Accuracy of the motion information

The key points of other people in some frames may be mistaken and incorrectly counted as the key points of the participating children, so we evaluated the mismatch rate to understand the data quality of the collected key points. Up to 100 images were randomly selected for each video and labeled whether the child’s key points obtained by OpenPose matched the child’s position in each image. If the key points did not match the child’s joints and belonged to other people, such key points were regarded as a mismatch. We show the mismatch rate for all samples in Table S3 of the supplementary materials. The mismatch rate of all investigated videos ranged from 0 to 13%, with an average value of 2.58% after using the filtering algorithm.

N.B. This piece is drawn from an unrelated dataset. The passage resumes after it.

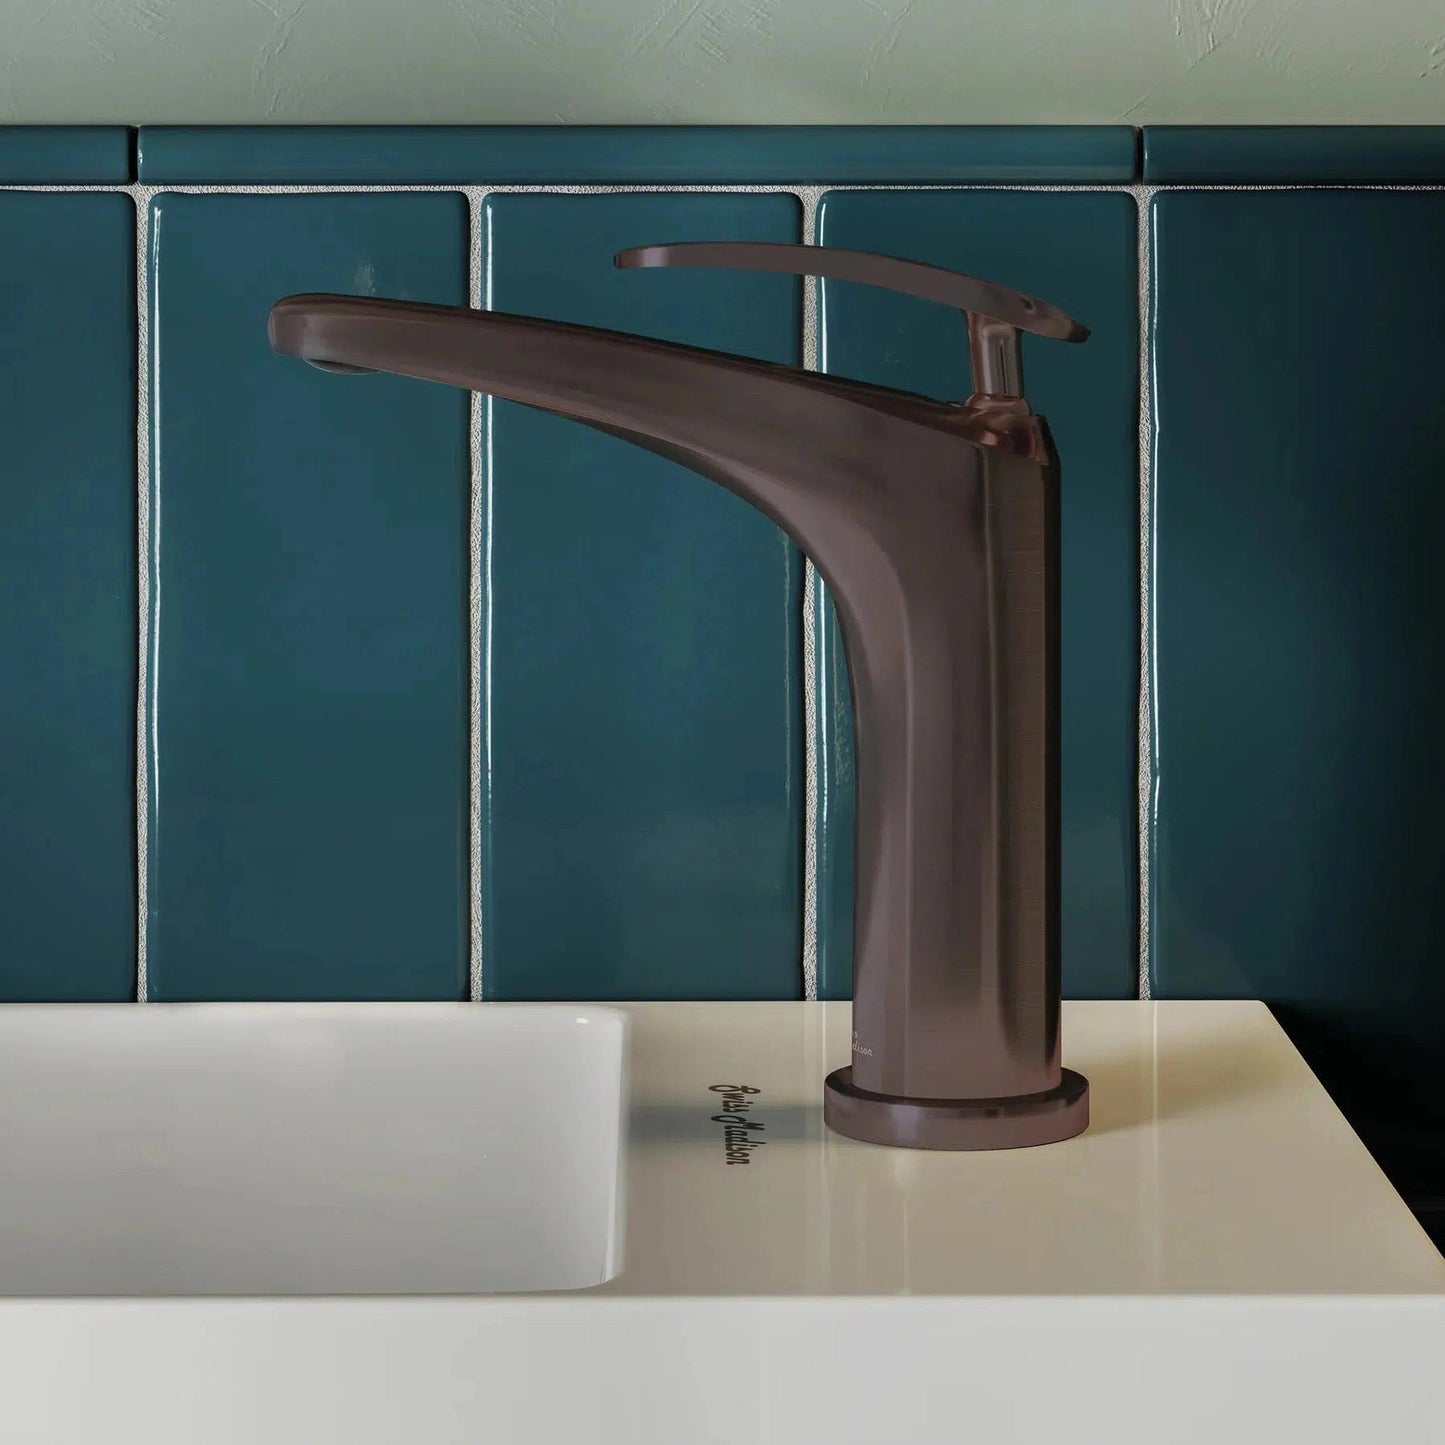 Swiss Madison Sublime 7" Oil Rubbed Bronze Single Hole Bathroom Faucet With Flow Rate of 1.2 GPM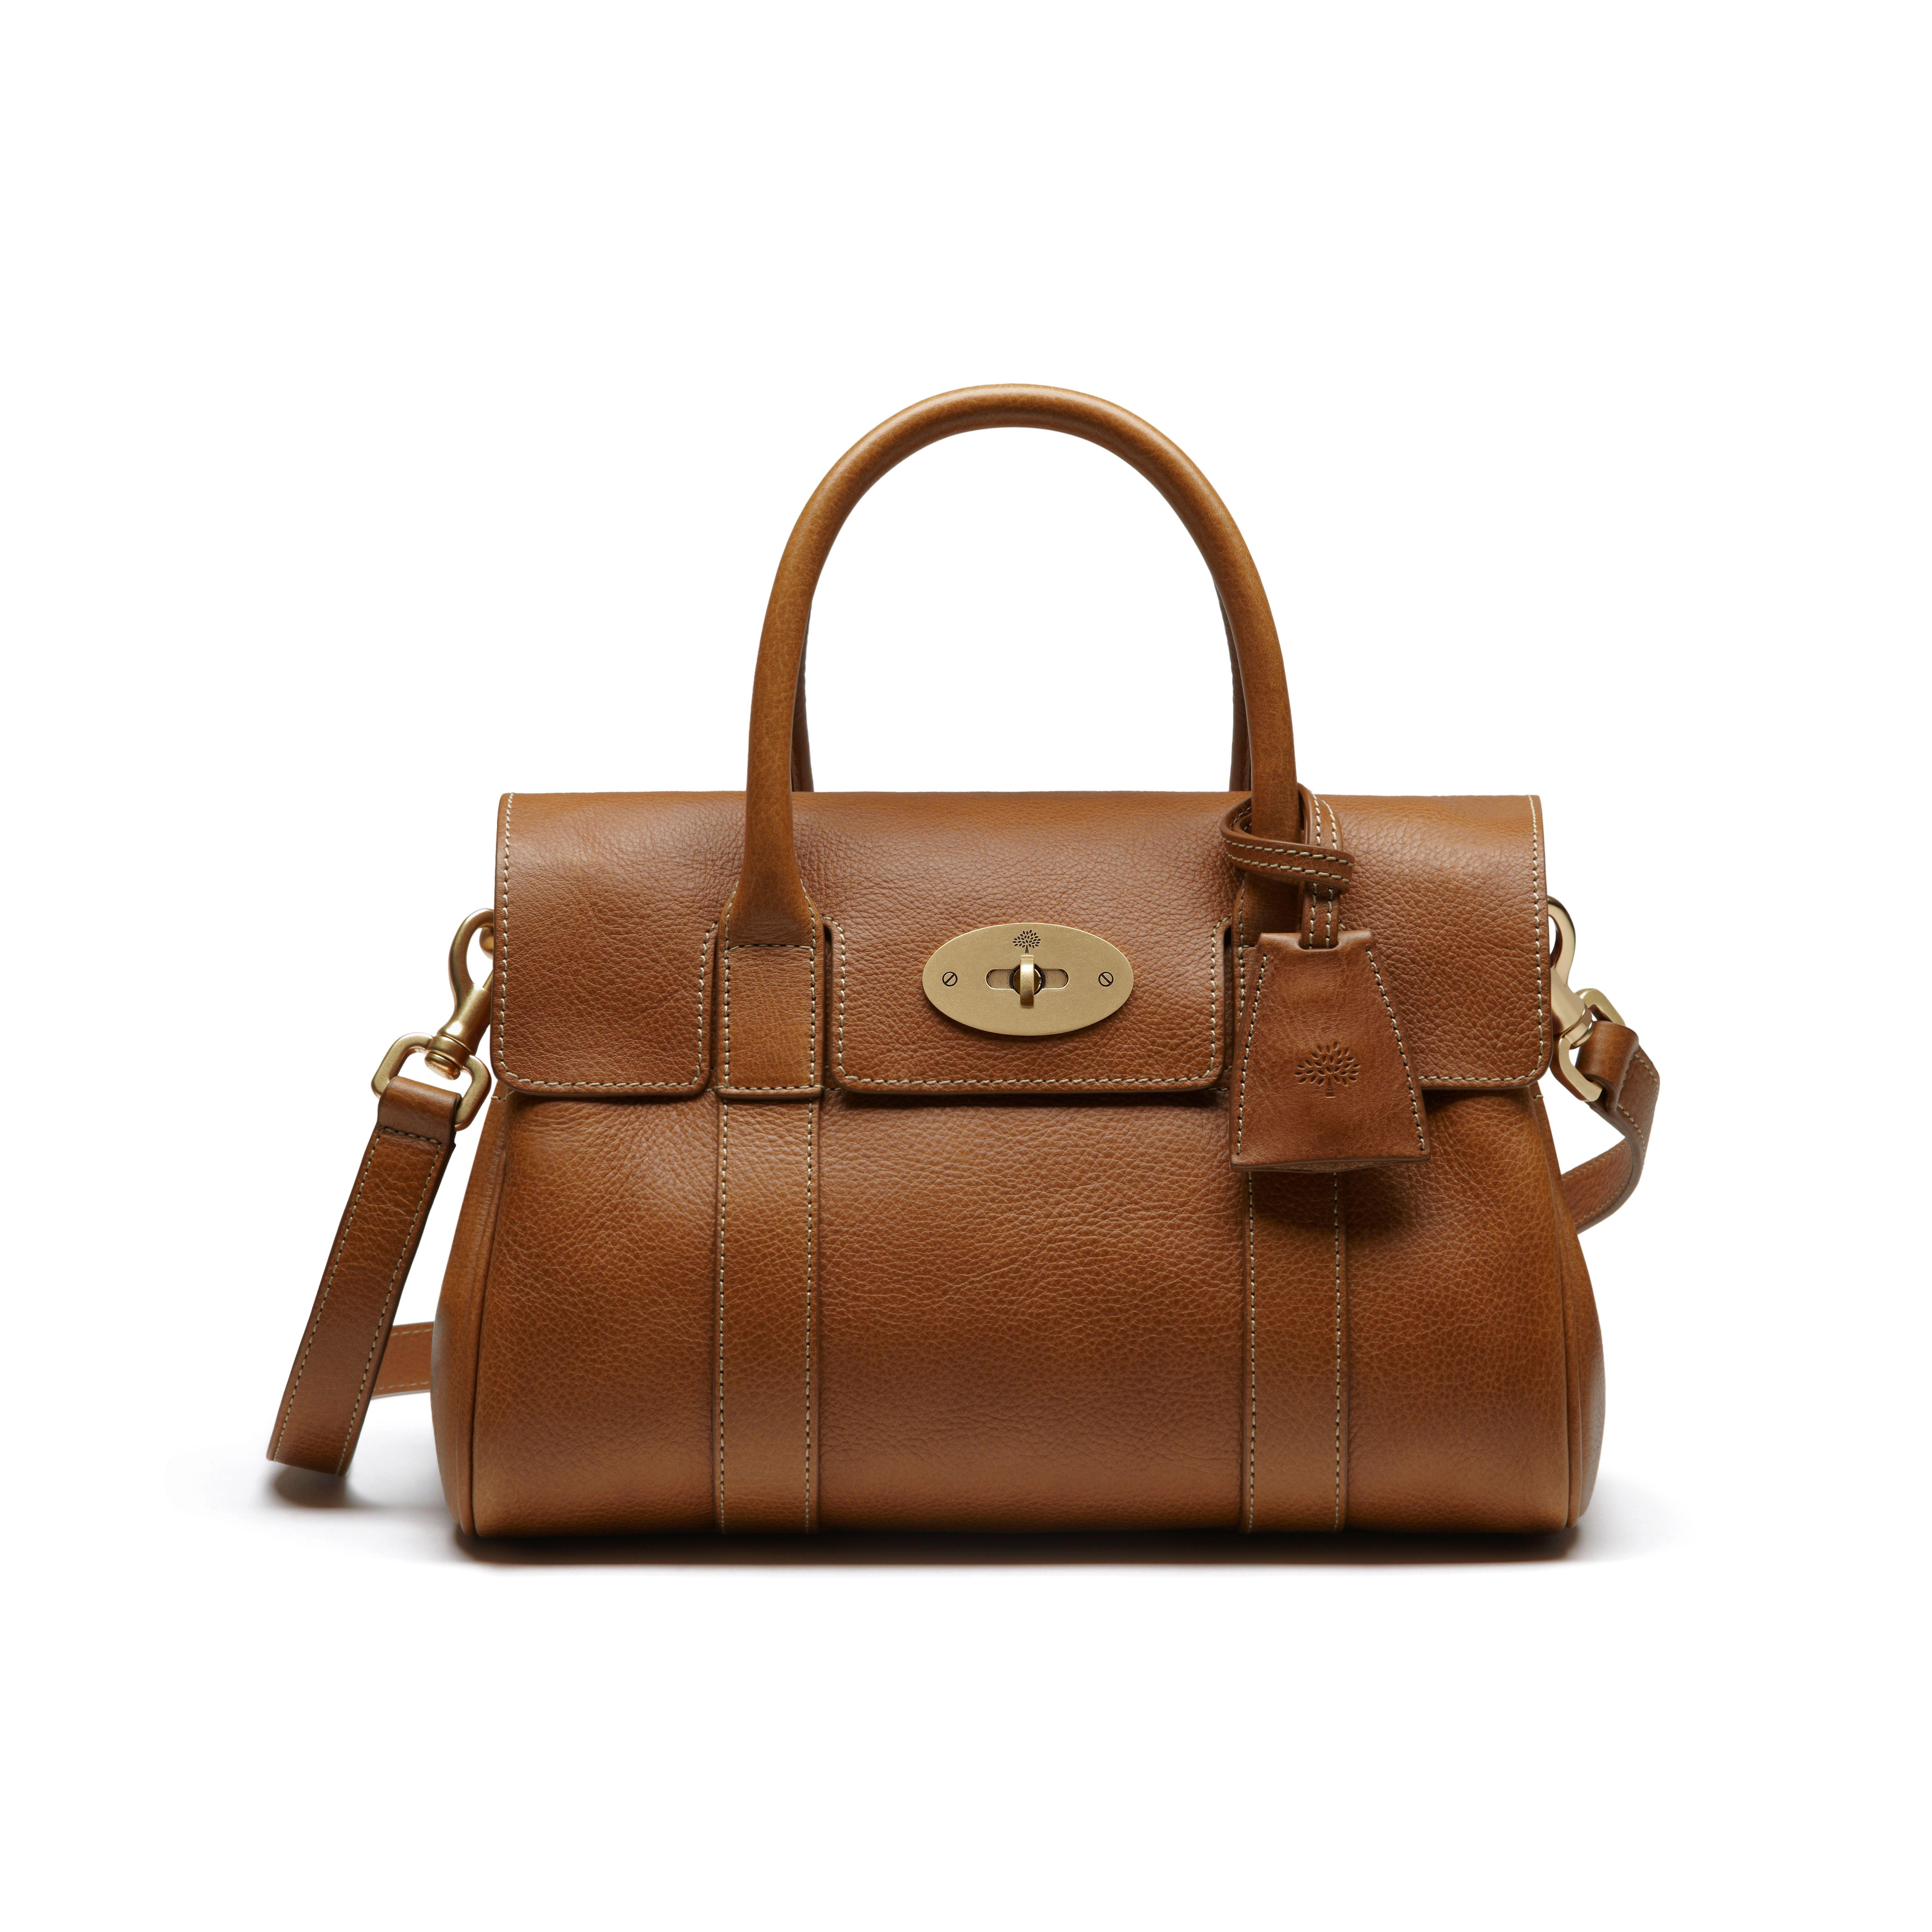 Lyst - Mulberry Small Bayswater Leather Satchel in Brown

The samples with a high mismatch rate are the videos with a third-person (e.g., a parent/guardian) participation who sometimes covered the children. It is also a limitation of our framework, which can affect the quality of the motion trajectory information.

We believe that 2.58% as the average mismatch rate shows relatively high accuracy, particularly for the complex multi-person interactive ADOS assessment videos. We also found that the accuracy could be improved by using the filtering algorithm. Moreover, with less overlap of the participant and their parent(s), the mismatch rate can be close to 0 regardless of using the filtering or not.

Discussions and conclusions

ASD is a neurodevelopmental disorder that affects about 2% of children, leading a heavy burden to the family. Driven by the shortage of clinicians, a convenient and effective tool for ASD diagnoses is in urgent need. The present study developed a video-based approach leveraging computer vision and machine learning techniques to effectively assess the MFs and objectively estimate the activity level of children with ASD. We chose the videos from ADOS to identify four MFs based on PD and IPV from three parts of the body (neck, right wrist, and middle hip). We analyzed the association between the quantity of MFs and their activity level by calculating the SCC between MFs and activity level scores given by clinicians.

Summary of results

Our results show that the present framework could quantify human movement from ADOS videos, and the best performance appeared in the PD-based MFs (${L}_{mean}$ and ${L}_{std}$) of all three studied key points and the IPV-based MF (${\delta L}_{mean}$) of the right wrist in the Table-play activity. We discussed the results below and presented our opinions.

Regarding different activities

Our results demonstrated that the MFs in the Table-play activity strongly correlated with activity level scores. The Table-play activity we defined combined five activities where clinicians require the children to sit near the table to join. Clinicians score children’s activity levels by observing their performance in activities, e.g., whether they can sit or stand properly to participate in the assessment^1,4, see Table 1. This evaluation method is similar to two hyperactivity-related studies implemented in Refs. 26 and 27, in which children are required to participate in continuous performance testing (CPT). Both assessment activities (CPT and Table-play) require children to be able to participate in a designated location. In comparison, the correlations between MFs and activity level scores were lower in Balloon-play and Bubble-play, in which the children were encouraged to move around. The above discussion suggests that the MFs in our defined Table-play activity are highly associated with clinical judgments and can reflect children’s actual activity levels.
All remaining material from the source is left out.